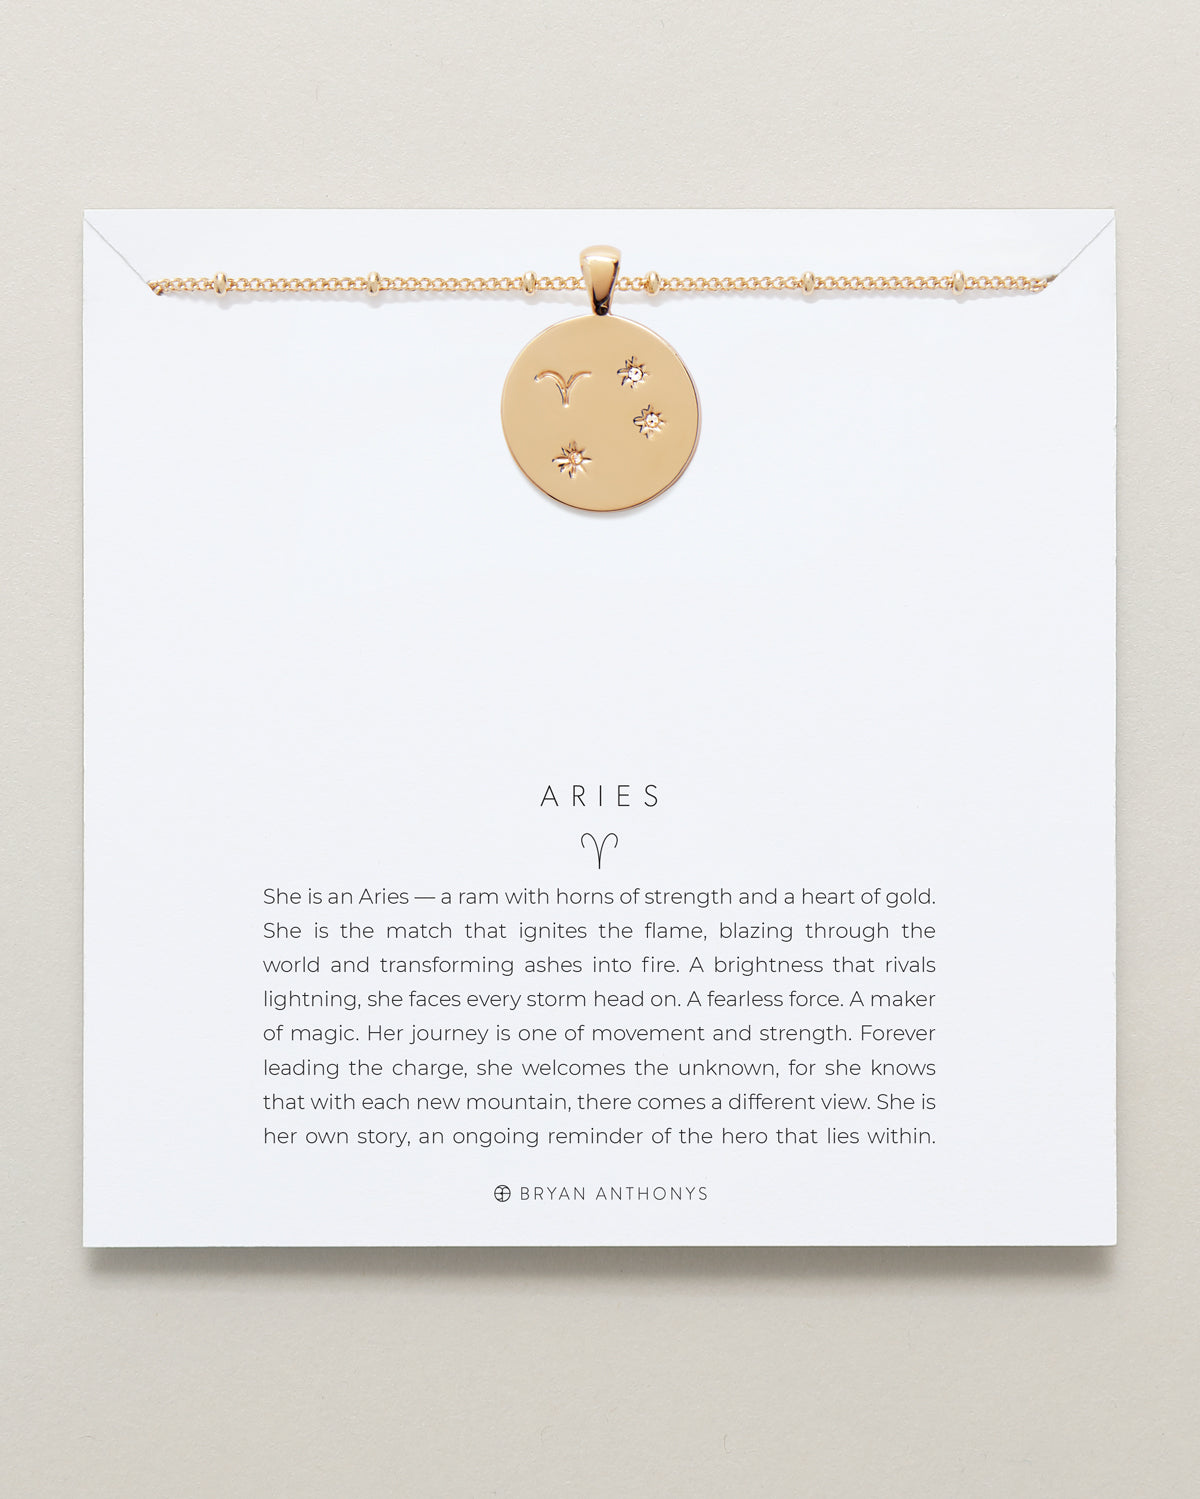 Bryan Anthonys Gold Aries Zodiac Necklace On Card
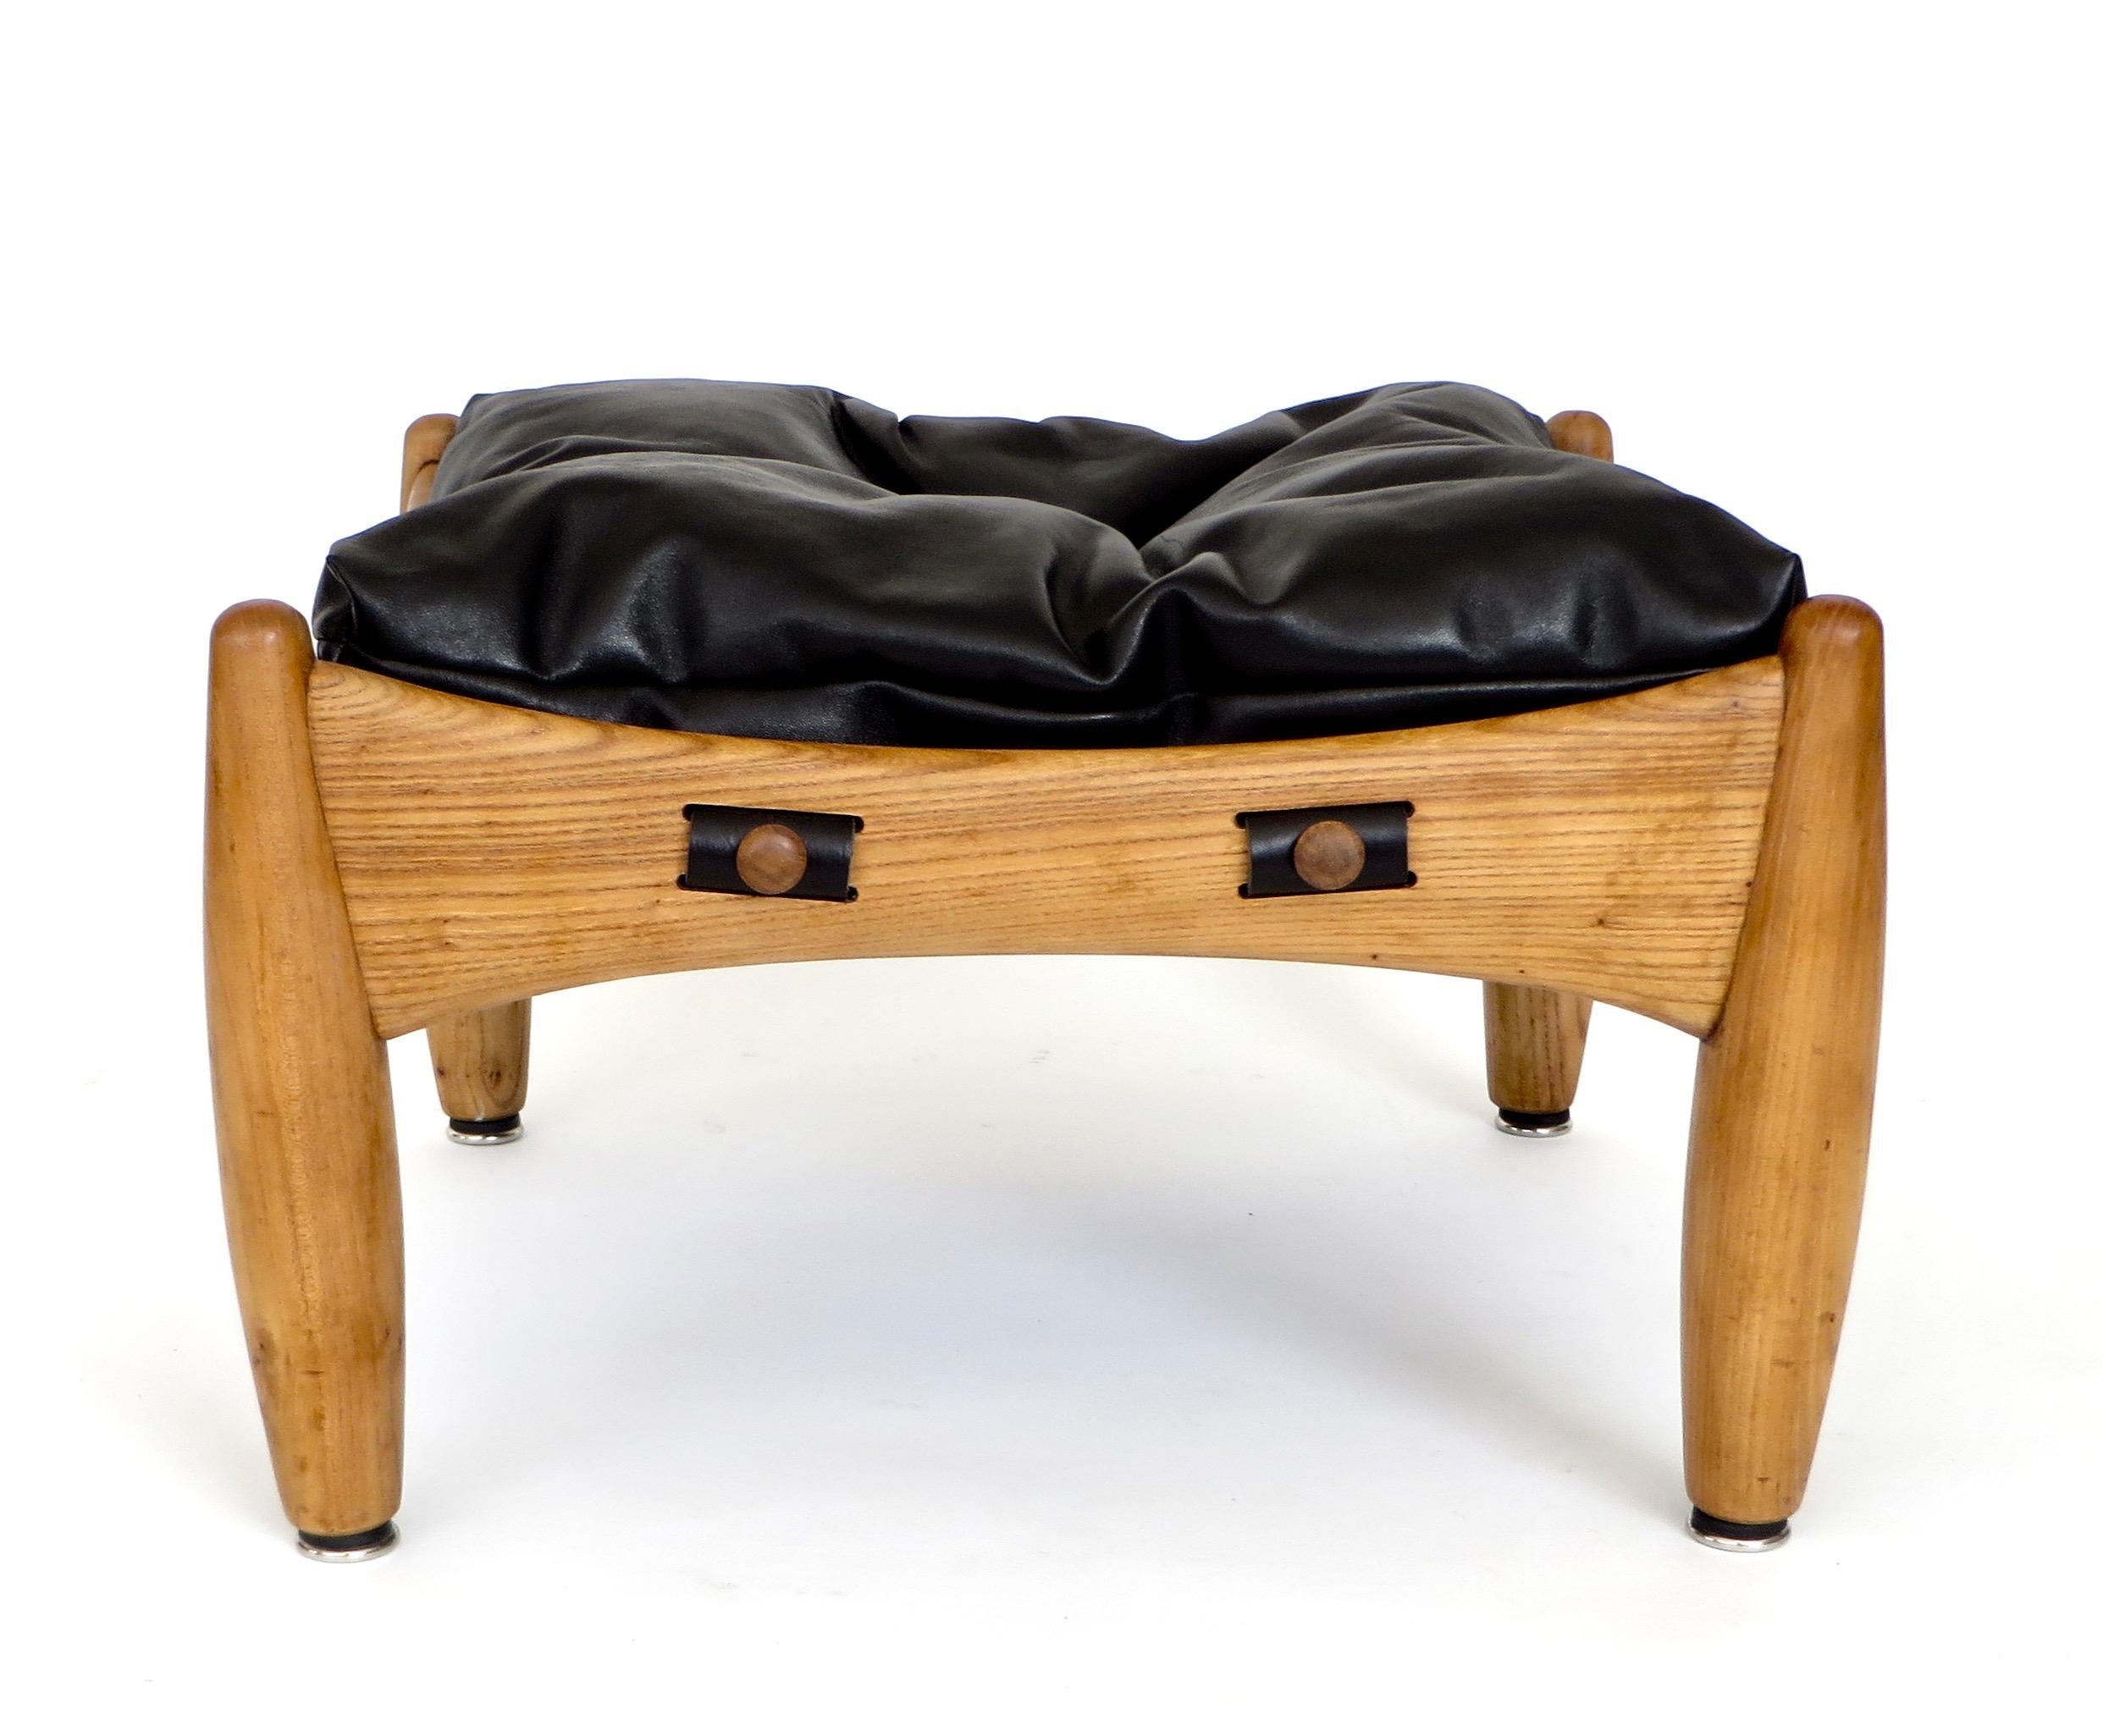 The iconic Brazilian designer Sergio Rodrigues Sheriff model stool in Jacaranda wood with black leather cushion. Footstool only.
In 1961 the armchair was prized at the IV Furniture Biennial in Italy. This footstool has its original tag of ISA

What is being asked: Starting at the line that contains "The iconic Brazilian", retype each line through the end of the data exactly, and leave out every picture.

Solved exercise:
 The iconic Brazilian designer Sergio Rodrigues Sheriff model stool in Jacaranda wood with black leather cushion. Footstool only.
In 1961 the armchair was prized at the IV Furniture Biennial in Italy. This footstool has its original tag of ISA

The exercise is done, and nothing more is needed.